On 2022-11-17 17:47:50 -0500, Tom Lane wrote:

Yeah, that or some other NetBSD bug could be the explanation, too.
Without a stack trace it's hard to have any confidence about it,
but I've been unable to reproduce the problem outside the buildfarm.
(Which is a familiar refrain. I wonder what it is about the buildfarm
environment that makes it act different from the exact same code running
on the exact same machine.)

So I'd like to have some way to make the postmaster send SIGABRT instead
of SIGKILL in the buildfarm environment. The lowest-tech way would be
to drive that off some #define or other. We could scale it up to a GUC
perhaps. Adjacent to that, I also wonder whether SIGABRT wouldn't be
more useful than SIGSTOP for the existing SendStop half-a-feature ---
the idea that people should collect cores manually seems mighty
last-century.

I suspect that having a GUC would be a good idea. I needed something similar
recently, debugging an occasional hang in the AIO patchset.

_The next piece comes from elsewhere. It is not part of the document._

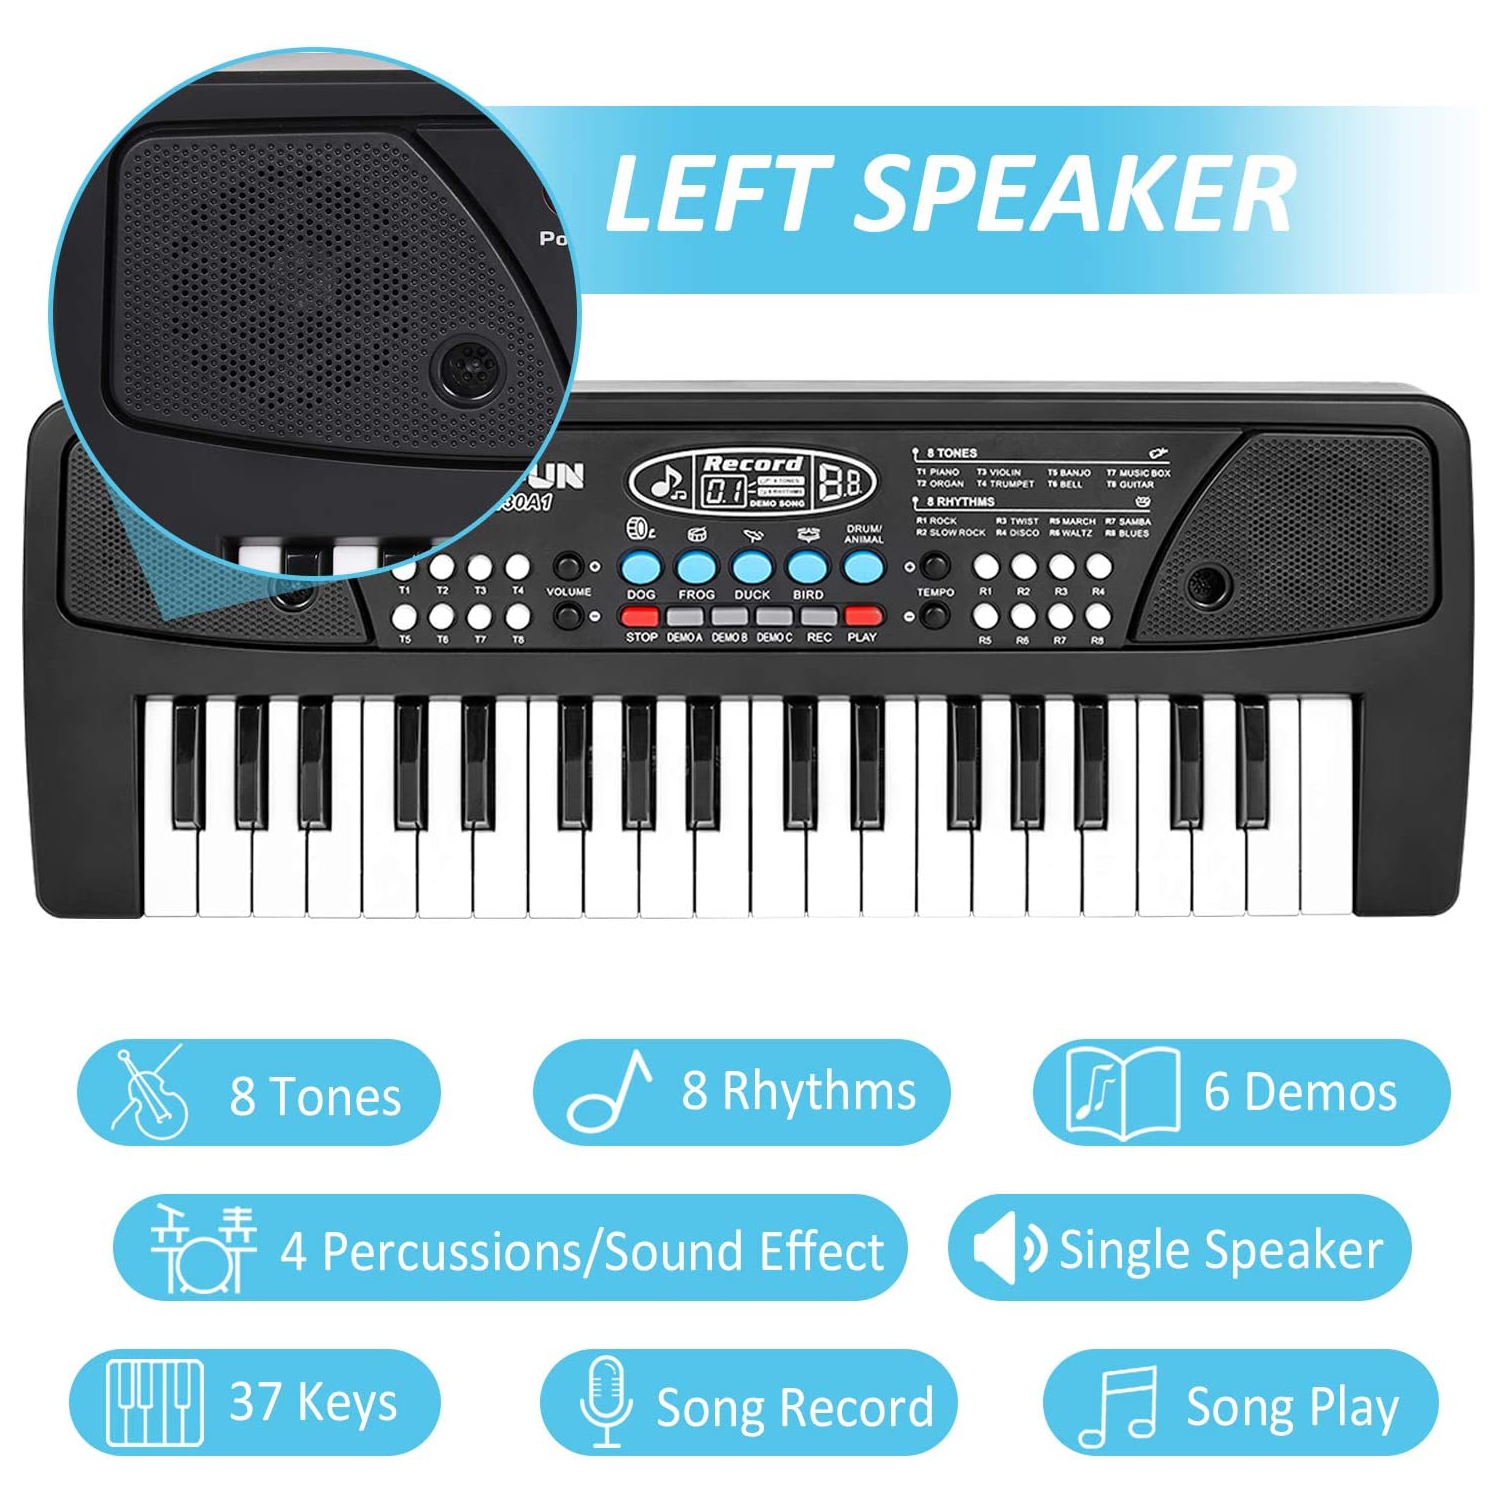 TWFRIC Kids Piano Keyboard 37 Keys Piano for Kids Music Piano Keyboard Multifunction Keyboard Teaching Toys with Microphone MP3 Music Function for Beginners Children Age 3-8 Year Old

I first tried
something like your #define approach and it did cause a problematic flood of
core files.

I ended up using libbacktrace to generate useful backtraces (vs what
backtrace_symbols() generates) when receiving SIGQUIT. I didn't do the legwork
to make it properly signal safe, but it'd be doable afaiu.

Greetings,

Andres Freund

#7Tom Lane
tgl@sss.pgh.pa.us
In reply to: Andres Freund (#6)
Sending SIGABRT to child processes (was Re: Strange failure on mamba)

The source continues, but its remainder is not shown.